Data items:
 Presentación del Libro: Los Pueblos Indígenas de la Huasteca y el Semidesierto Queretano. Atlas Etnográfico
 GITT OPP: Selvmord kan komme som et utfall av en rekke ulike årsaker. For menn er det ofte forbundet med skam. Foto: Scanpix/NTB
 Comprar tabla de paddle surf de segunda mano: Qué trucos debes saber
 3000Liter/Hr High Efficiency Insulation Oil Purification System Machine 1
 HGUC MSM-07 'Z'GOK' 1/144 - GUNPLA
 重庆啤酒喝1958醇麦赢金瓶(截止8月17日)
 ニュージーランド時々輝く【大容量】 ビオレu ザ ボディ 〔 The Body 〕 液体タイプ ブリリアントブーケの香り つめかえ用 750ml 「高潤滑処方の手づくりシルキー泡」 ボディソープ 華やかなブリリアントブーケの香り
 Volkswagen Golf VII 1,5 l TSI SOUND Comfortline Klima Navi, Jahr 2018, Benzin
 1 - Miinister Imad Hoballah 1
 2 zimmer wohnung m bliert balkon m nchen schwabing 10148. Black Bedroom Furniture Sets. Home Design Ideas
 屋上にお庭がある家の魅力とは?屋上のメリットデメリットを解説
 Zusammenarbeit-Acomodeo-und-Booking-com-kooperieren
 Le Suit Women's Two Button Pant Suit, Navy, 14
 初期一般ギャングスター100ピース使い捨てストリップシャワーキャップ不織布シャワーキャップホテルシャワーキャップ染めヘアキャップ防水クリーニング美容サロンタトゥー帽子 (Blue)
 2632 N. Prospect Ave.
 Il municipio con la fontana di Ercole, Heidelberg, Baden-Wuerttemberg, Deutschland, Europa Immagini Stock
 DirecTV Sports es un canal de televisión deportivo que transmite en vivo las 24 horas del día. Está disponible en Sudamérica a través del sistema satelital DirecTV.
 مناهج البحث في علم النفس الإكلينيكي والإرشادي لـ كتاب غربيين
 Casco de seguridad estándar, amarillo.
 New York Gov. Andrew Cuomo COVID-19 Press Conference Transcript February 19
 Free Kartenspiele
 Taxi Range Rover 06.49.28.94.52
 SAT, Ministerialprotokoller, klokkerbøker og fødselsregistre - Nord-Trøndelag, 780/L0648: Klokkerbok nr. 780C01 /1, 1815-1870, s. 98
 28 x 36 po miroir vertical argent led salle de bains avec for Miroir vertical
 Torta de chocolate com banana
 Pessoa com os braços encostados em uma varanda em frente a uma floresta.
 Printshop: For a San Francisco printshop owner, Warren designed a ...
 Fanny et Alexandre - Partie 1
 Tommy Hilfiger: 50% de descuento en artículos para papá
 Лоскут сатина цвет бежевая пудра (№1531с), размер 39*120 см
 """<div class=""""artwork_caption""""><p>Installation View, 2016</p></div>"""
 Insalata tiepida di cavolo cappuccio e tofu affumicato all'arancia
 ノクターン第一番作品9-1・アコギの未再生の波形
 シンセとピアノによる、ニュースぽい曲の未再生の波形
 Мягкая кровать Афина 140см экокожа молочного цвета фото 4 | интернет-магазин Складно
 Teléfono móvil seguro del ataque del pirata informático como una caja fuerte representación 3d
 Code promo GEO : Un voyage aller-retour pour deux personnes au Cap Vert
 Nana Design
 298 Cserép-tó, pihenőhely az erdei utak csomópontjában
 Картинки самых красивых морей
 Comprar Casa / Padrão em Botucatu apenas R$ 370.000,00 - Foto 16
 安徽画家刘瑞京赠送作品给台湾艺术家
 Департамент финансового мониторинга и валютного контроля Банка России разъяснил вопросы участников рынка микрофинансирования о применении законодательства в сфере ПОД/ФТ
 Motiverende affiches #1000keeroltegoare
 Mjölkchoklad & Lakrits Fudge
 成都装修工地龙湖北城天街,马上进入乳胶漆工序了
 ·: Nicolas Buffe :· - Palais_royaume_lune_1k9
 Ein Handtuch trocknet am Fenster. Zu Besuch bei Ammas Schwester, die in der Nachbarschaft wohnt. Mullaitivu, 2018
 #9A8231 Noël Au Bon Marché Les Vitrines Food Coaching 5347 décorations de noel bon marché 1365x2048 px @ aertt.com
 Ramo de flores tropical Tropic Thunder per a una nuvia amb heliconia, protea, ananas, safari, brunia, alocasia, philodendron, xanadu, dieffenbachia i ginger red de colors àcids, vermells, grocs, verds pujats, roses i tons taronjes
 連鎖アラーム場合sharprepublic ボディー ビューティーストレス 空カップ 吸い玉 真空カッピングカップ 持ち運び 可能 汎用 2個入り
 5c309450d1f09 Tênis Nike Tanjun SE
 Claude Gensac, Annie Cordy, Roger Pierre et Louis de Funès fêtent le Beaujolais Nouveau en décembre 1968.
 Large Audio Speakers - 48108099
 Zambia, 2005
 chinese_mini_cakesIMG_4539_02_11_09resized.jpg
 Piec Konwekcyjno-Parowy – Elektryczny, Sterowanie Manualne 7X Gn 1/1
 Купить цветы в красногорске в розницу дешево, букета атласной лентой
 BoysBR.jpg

**Exercise objective:**
Each entry above is to be copied out exactly.

**Exercise response:**
 Presentación del Libro: Los Pueblos Indígenas de la Huasteca y el Semidesierto Queretano. Atlas Etnográfico
 GITT OPP: Selvmord kan komme som et utfall av en rekke ulike årsaker. For menn er det ofte forbundet med skam. Foto: Scanpix/NTB
 Comprar tabla de paddle surf de segunda mano: Qué trucos debes saber
 3000Liter/Hr High Efficiency Insulation Oil Purification System Machine 1
 HGUC MSM-07 'Z'GOK' 1/144 - GUNPLA
 重庆啤酒喝1958醇麦赢金瓶(截止8月17日)
 ニュージーランド時々輝く【大容量】 ビオレu ザ ボディ 〔 The Body 〕 液体タイプ ブリリアントブーケの香り つめかえ用 750ml 「高潤滑処方の手づくりシルキー泡」 ボディソープ 華やかなブリリアントブーケの香り
 Volkswagen Golf VII 1,5 l TSI SOUND Comfortline Klima Navi, Jahr 2018, Benzin
 1 - Miinister Imad Hoballah 1
 2 zimmer wohnung m bliert balkon m nchen schwabing 10148. Black Bedroom Furniture Sets. Home Design Ideas
 屋上にお庭がある家の魅力とは?屋上のメリットデメリットを解説
 Zusammenarbeit-Acomodeo-und-Booking-com-kooperieren
 Le Suit Women's Two Button Pant Suit, Navy, 14
 初期一般ギャングスター100ピース使い捨てストリップシャワーキャップ不織布シャワーキャップホテルシャワーキャップ染めヘアキャップ防水クリーニング美容サロンタトゥー帽子 (Blue)
 2632 N. Prospect Ave.
 Il municipio con la fontana di Ercole, Heidelberg, Baden-Wuerttemberg, Deutschland, Europa Immagini Stock
 DirecTV Sports es un canal de televisión deportivo que transmite en vivo las 24 horas del día. Está disponible en Sudamérica a través del sistema satelital DirecTV.
 مناهج البحث في علم النفس الإكلينيكي والإرشادي لـ كتاب غربيين
 Casco de seguridad estándar, amarillo.
 New York Gov. Andrew Cuomo COVID-19 Press Conference Transcript February 19
 Free Kartenspiele
 Taxi Range Rover 06.49.28.94.52
 SAT, Ministerialprotokoller, klokkerbøker og fødselsregistre - Nord-Trøndelag, 780/L0648: Klokkerbok nr. 780C01 /1, 1815-1870, s. 98
 28 x 36 po miroir vertical argent led salle de bains avec for Miroir vertical
 Torta de chocolate com banana
 Pessoa com os braços encostados em uma varanda em frente a uma floresta.
 Printshop: For a San Francisco printshop owner, Warren designed a ...
 Fanny et Alexandre - Partie 1
 Tommy Hilfiger: 50% de descuento en artículos para papá
 Лоскут сатина цвет бежевая пудра (№1531с), размер 39*120 см
 """<div class=""""artwork_caption""""><p>Installation View, 2016</p></div>"""
 Insalata tiepida di cavolo cappuccio e tofu affumicato all'arancia
 ノクターン第一番作品9-1・アコギの未再生の波形
 シンセとピアノによる、ニュースぽい曲の未再生の波形
 Мягкая кровать Афина 140см экокожа молочного цвета фото 4 | интернет-магазин Складно
 Teléfono móvil seguro del ataque del pirata informático como una caja fuerte representación 3d
 Code promo GEO : Un voyage aller-retour pour deux personnes au Cap Vert
 Nana Design
 298 Cserép-tó, pihenőhely az erdei utak csomópontjában
 Картинки самых красивых морей
 Comprar Casa / Padrão em Botucatu apenas R$ 370.000,00 - Foto 16
 安徽画家刘瑞京赠送作品给台湾艺术家
 Департамент финансового мониторинга и валютного контроля Банка России разъяснил вопросы участников рынка микрофинансирования о применении законодательства в сфере ПОД/ФТ
 Motiverende affiches #1000keeroltegoare
 Mjölkchoklad & Lakrits Fudge
 成都装修工地龙湖北城天街,马上进入乳胶漆工序了
 ·: Nicolas Buffe :· - Palais_royaume_lune_1k9
 Ein Handtuch trocknet am Fenster. Zu Besuch bei Ammas Schwester, die in der Nachbarschaft wohnt. Mullaitivu, 2018
 #9A8231 Noël Au Bon Marché Les Vitrines Food Coaching 5347 décorations de noel bon marché 1365x2048 px @ aertt.com
 Ramo de flores tropical Tropic Thunder per a una nuvia amb heliconia, protea, ananas, safari, brunia, alocasia, philodendron, xanadu, dieffenbachia i ginger red de colors àcids, vermells, grocs, verds pujats, roses i tons taronjes
 連鎖アラーム場合sharprepublic ボディー ビューティーストレス 空カップ 吸い玉 真空カッピングカップ 持ち運び 可能 汎用 2個入り
 5c309450d1f09 Tênis Nike Tanjun SE
 Claude Gensac, Annie Cordy, Roger Pierre et Louis de Funès fêtent le Beaujolais Nouveau en décembre 1968.
 Large Audio Speakers - 48108099
 Zambia, 2005
 chinese_mini_cakesIMG_4539_02_11_09resized.jpg
 Piec Konwekcyjno-Parowy – Elektryczny, Sterowanie Manualne 7X Gn 1/1
 Купить цветы в красногорске в розницу дешево, букета атласной лентой
 BoysBR.jpg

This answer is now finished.